In some ways, the market for malls is behaving a lot like the U.S. economy - what some describe as a widening gap between the rich and poor.
As competition grows for the retail consumer, unique and successful malls have grown stronger, while weak properties continue to plummet.
Retail sales have grown at destination-type malls, but the typical enclosed suburban mall has struggled.
While retail sales are on the mend, the question going forward will be which of those two types of retail is best poised to take advantage of the improved sales environment.
Many observers think General Growth is in a good position to benefit from this trend, after shedding its under-performing properties and focusing on luxurious retail destinations.
General Growth forecast
In a recent research note, analysts from JP Morgan, led by Michael W. Mueller, maintained a neutral position on General Growth Properties for the near future, citing“ offsetting factors.”
They describe how the stock is trading at a discount and that “there should be some marginal operating benefit” as the company continues its makeover.

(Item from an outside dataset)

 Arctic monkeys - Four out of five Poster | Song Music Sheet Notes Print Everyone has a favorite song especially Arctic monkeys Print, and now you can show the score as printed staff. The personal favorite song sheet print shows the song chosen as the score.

But their enthusiasm is tempered, the Morgan analysts noted, because General Growth still has in its portfolio under-performing properties it intends to sell in what could be a somewhat lengthy process. Also, they noted, the retail market can be volatile with concerns over economic demand and changing technologies.
This wait-and-see approach seems to be fairly common among analysts for General Growth Properties. General Growth and other retail REITs, including Simon Property Group, Taubman Centers Inc., and Macerich Co., contributed to malls being among the highest performing REIT category last year.

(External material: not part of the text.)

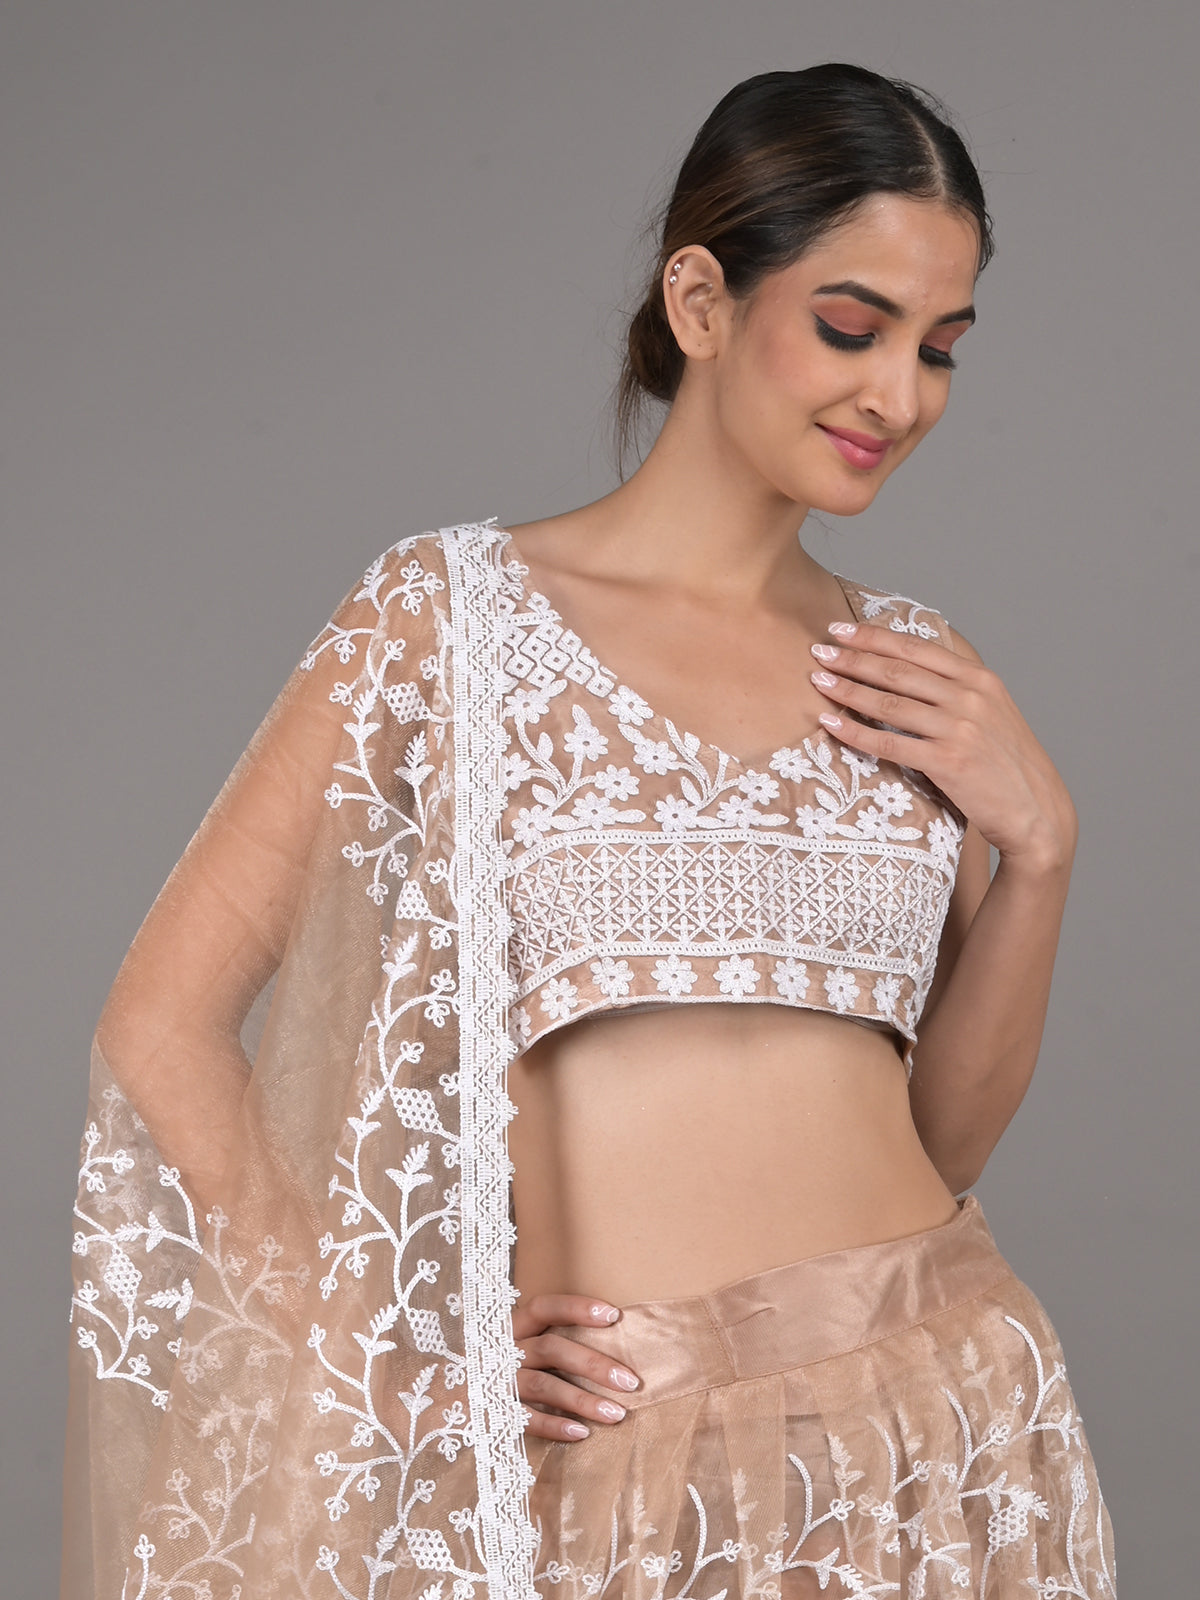 Odette Beige Embroidered Stitched Net Lehenga Set For Women

General Growth's full-year FFO, a key measurement in real estate investments, climbed 14 percent to $993.9 million, or 99 cents per share, from $874.4 million, or 88 cents per share, in the previous year.
Because of a net-income loss over the past year, General Growth’s price per earnings ratio is not applicable. The current S&P 500 ratio for the trailing twelve months is $17.46.

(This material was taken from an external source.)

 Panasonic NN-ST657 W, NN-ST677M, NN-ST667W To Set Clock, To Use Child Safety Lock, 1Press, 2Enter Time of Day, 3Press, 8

Going forward, the company expects 2013 FFO of $1.08 to $1.12 per share, the lower end of which is in line with analyst expectations.
General Growth’s new strategy has been drawing investor interest: . since hitting a low of $11.52 in October 2011, the stock has climbed, and in late-Tuesday New York Stock Exchange trading GGP shares were trading at $19.92.
A bit of uncertainty amongst investors may be resolving as activist investor William Ackman has backed off his demand that General Growth sell to rival Simon Property Group Inc. Ackman invested heavily in General Growth in 2008 and 2009, effectively turning $60 million into $2.3 billion as the company emerged from bankruptcy.
Ackman has been trying for the past year to push General Growth into a sale, but the company has thwarted the efforts with the backing of its largest shareholder, Brookfield Asset Management.
Ultimately,the condition of two environments will continue to shape the potential of the company. If online retail increases market share, more companies may decide to go exclusively online. And if credit becomes difficult to obtain, as it did in a few years ago, General Growth could find itself again with a liquidity problem.
Nonetheless, by reversing its former strategy of unabashed growth in favor of a more refined approach, General Growth now has the flexibility to adapt to a changing marketplace.
“We actively look at opportunities as they arise in the markets,” Mathrani said in December. “And we have the financial resources to execute our strategy.”